While her body was loving it, her mind suddenly snapped
back.
Why am
I doing this? Why am I letting him fuck me?

She shook her head and pushed
him away.
“This is all wrong. I just want this to be over. I will
tell you what you want to know, what I know right now, but only on
the condition it ends today, no more sex, no more pestering, no
threats of telling anyone anything about me.

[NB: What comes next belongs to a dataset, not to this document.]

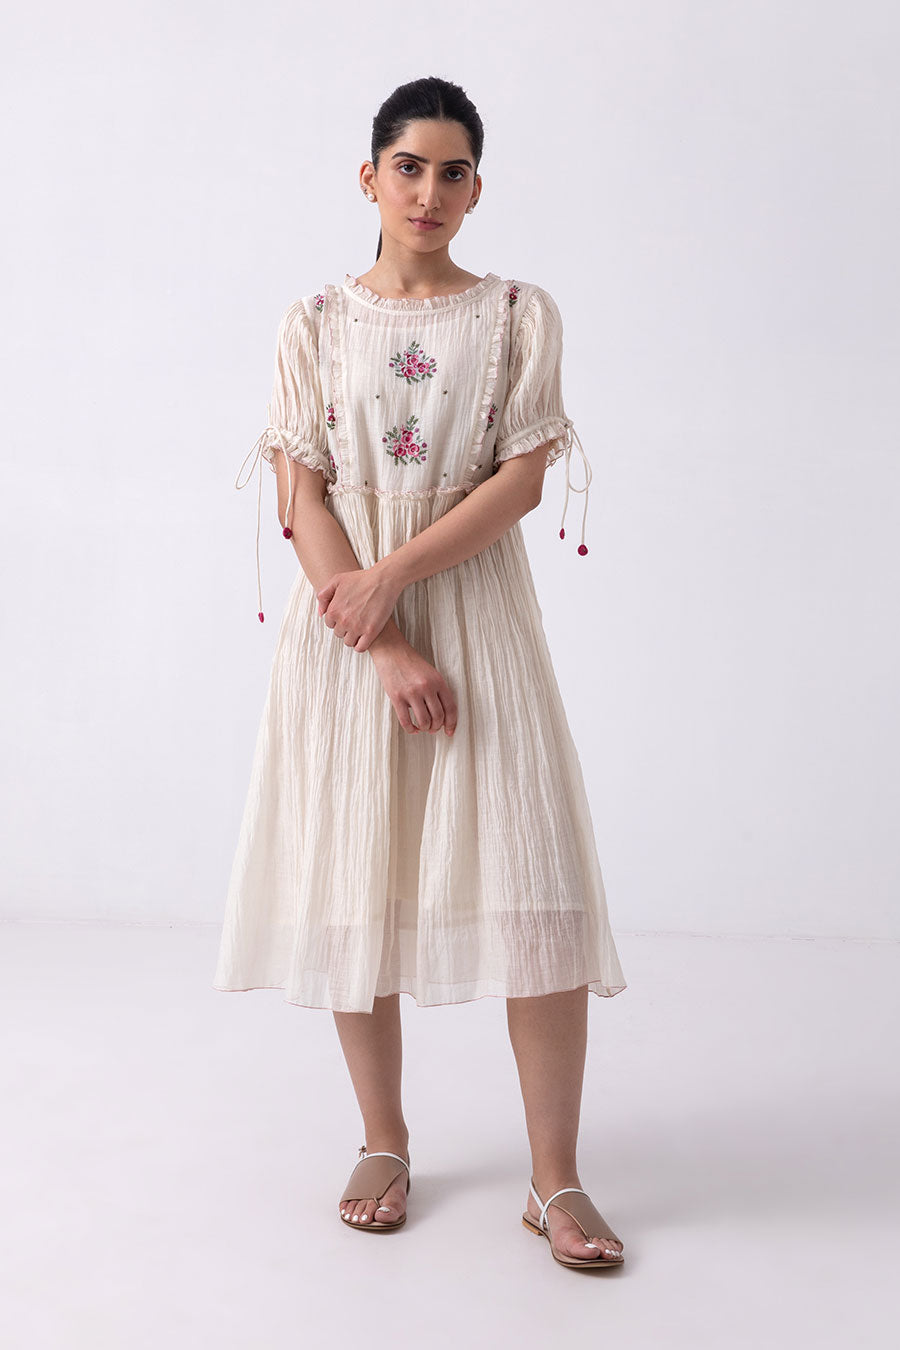 Off-White Floral Embroidered Dress

You can take what I give you
and see if you can find the girl and get your story. In return you
can give me the ten thousand dollars I need for a new wheelchair
for my mother. At least that will be something good from the bad
thing I have done.


I don’t know much about this
girl but she is better than either of us. She deserves a new life
after the bad that has happened to her. Remember that if you
do find her. You
are the arsehole in this, not her. Before you smear her name across
the tabloids, think,
What harm has she ever done to you that entitles
you to treat her like this?

She turned her face and then her body
away. She found herself crying quietly. How had she let herself
come to this place? She wished it was over now, except for her
mother’s need of her and her income, she would throw her job, catch
a plane and vanish, try to do the same as this girl was doing, find
a new life without a past. She felt anger driving her. She would
keep her bad bargain, if he agreed to her terms. But she would end
it today.

She grabbed at the sheet and
pulled it up over her body, then turned to him with the anger
glistening through the tears.
“Well, what is it to be. Do you want what I have
to tell you, at my price, or shall I just get dressed and leave
now?”

She watched the emotions swirl
across the dark face. He looked shocked and hurt too
at her stinging
rebuke. But despite her mental slap there was still hunger in his
eyes, not hunger for her and her body, that had never had any
meaning beyond the sex act, but hunger for her knowledge and for
the power and status it would bring him if he could find the girl
Susan and write another chapter of her story. It was the hunger of
a poor boy, risen to the top, who could feel it all slipping away
and could not bear the thought of becoming a nobody again. Despite
her anger a part of her felt sorrow and sympathy for his
degradation, alongside hers.

He went to his briefcase and pulled out an
envelope, it was thick. There are 100 fifty pound notes, in there.
“They are yours, right now, no strings. And there is another
envelope the same for when you tell me what you know. Then I will
leave you alone. I will call it quits, whether I find the girl or
not, I will let you alone after today.”

She dressed and then sat in a chair facing
him, wanting this to be over fast. “What I know is this. She has
been found but we do not know where she is. She has two children.
The name she uses now is Jane. I do not know where she lives now,
except I think it is somewhere in a coastal town, not too far from
Brisbane, perhaps somewhere like the Gold Coast, where she can hide
amongst other people. She lives with a man whose name I don’t know
and wants to get married to him as soon as it can be arranged. He
treats the children as if he is their father and she loves him.
That is what I know, perhaps it is enough to find her, if you are
as good as you say.


The only thing I ask is that,
if you find her you treat her better than you have before. You
could still write a good story which would sell and remake your
name without harming her, this time you could try to be a little
kinder. She deserves decency and a new life.”